We provide several template object manipulation types, you can choose one of them. In practice, we find that providing a description of the object motion in prompt will get better results.
```python
python demo.py \
--prompt <"prompt text"> \ # prompt text
--checkpoint_path \ # FlexAM checkpoint path (e.g checkpoints/Diffusion_Transformer/Wan2.2-Fun-5B-FLEXAM)
--input_path \ # the reference image path
--object_motion \ # the object motion type (up, down, left, right)
--object_mask \ # the object mask path
--tracking_method \ # the tracking method (moge, DELTA). For image input, 'moge' is nesserary.
--sample_size 512 896 \
--video_length=49 \
--density 30 \
--gpu \ # the gpu id
```
It should be noted that depending on the tracker you choose, you may need to modify the scale of translation.
## 🙏 Acknowledgements
This project builds upon several excellent open source projects:
* [VideoX-Fun](https://github.com/aigc-apps/VideoX-Fun)
* [DELTA](https://github.com/snap-research/DELTA_densetrack3d)
* [MoGe](https://github.com/microsoft/MoGe)
* [vggt](https://github.com/facebookresearch/vggt)
* [Pi3](https://github.com/yyfz/Pi3)
We thank the authors and contributors of these projects for their valuable contributions to the open source community!
## 🌟 Citation
If you find FlexAM useful for your research, please cite our paper:
```
@misc{sheng2026FlexAM,
title={FlexAM: Flexible Appearance-Motion Decomposition for Versatile Video Generation Control},
author={Sheng, Mingzhi and Gu, Zekai and Li, Peng and Lin, Cheng and Guo, Hao-Xiang and Chen, Ying-Cong and Liu, Yuan},
year={2026},
eprint={2602.13185},
archivePrefix={arXiv},
primaryClass={cs.CV},
url={https://arxiv.org/abs/2602.13185},
}
```
## ⚖️ License
This model checkpoint is based on **FlexAM**.

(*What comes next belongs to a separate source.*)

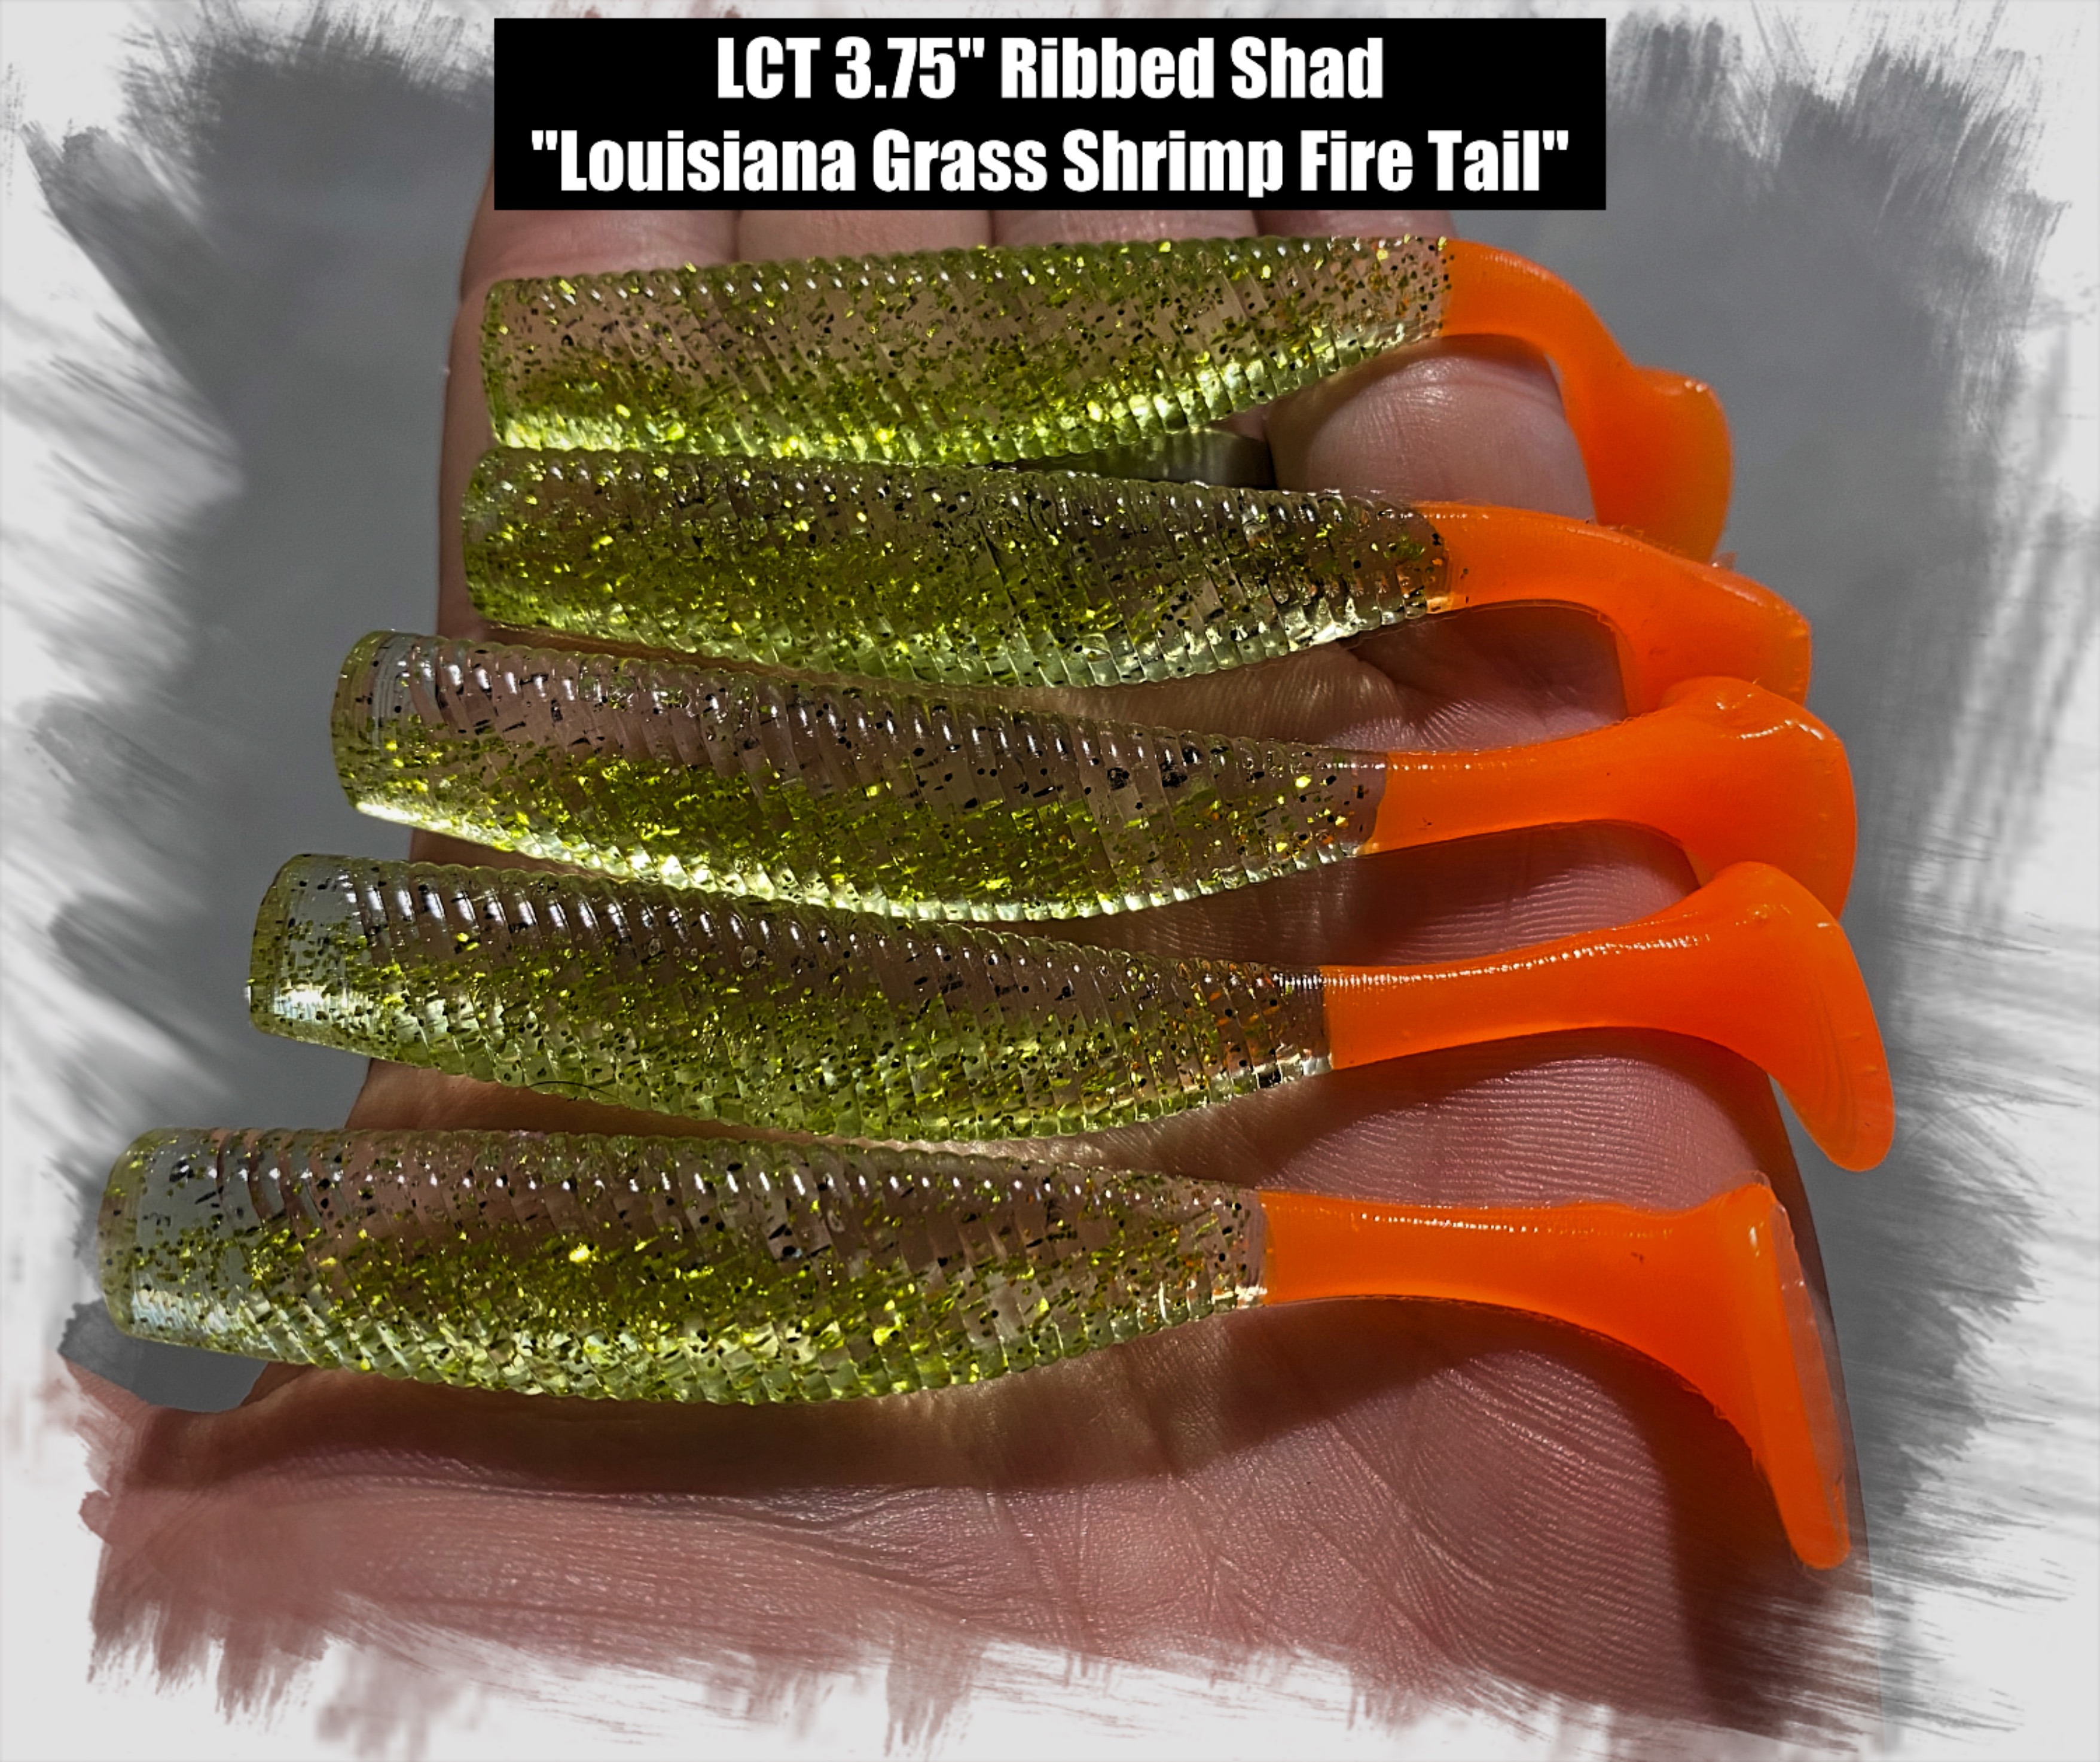 Shad - Ribbed Thumper 5'' and 3.5

- **Model Architecture / Code**: Licensed under **Apache 2.0** (or CC-BY-SA 4.0, consistent with your GitHub).
- **Embedded DELTA Weights**: This checkpoint contains weights from **DELTA (Snap Inc.)**, which are restricted to **Non-Commercial, Research-Only** use.
**⚠️ Usage Note:**
By downloading or using these weights, you agree to comply with the **Snap Inc. License** regarding the DELTA modules. Please refer to the [LICENSE](./LICENSE) file in this repository for the full text.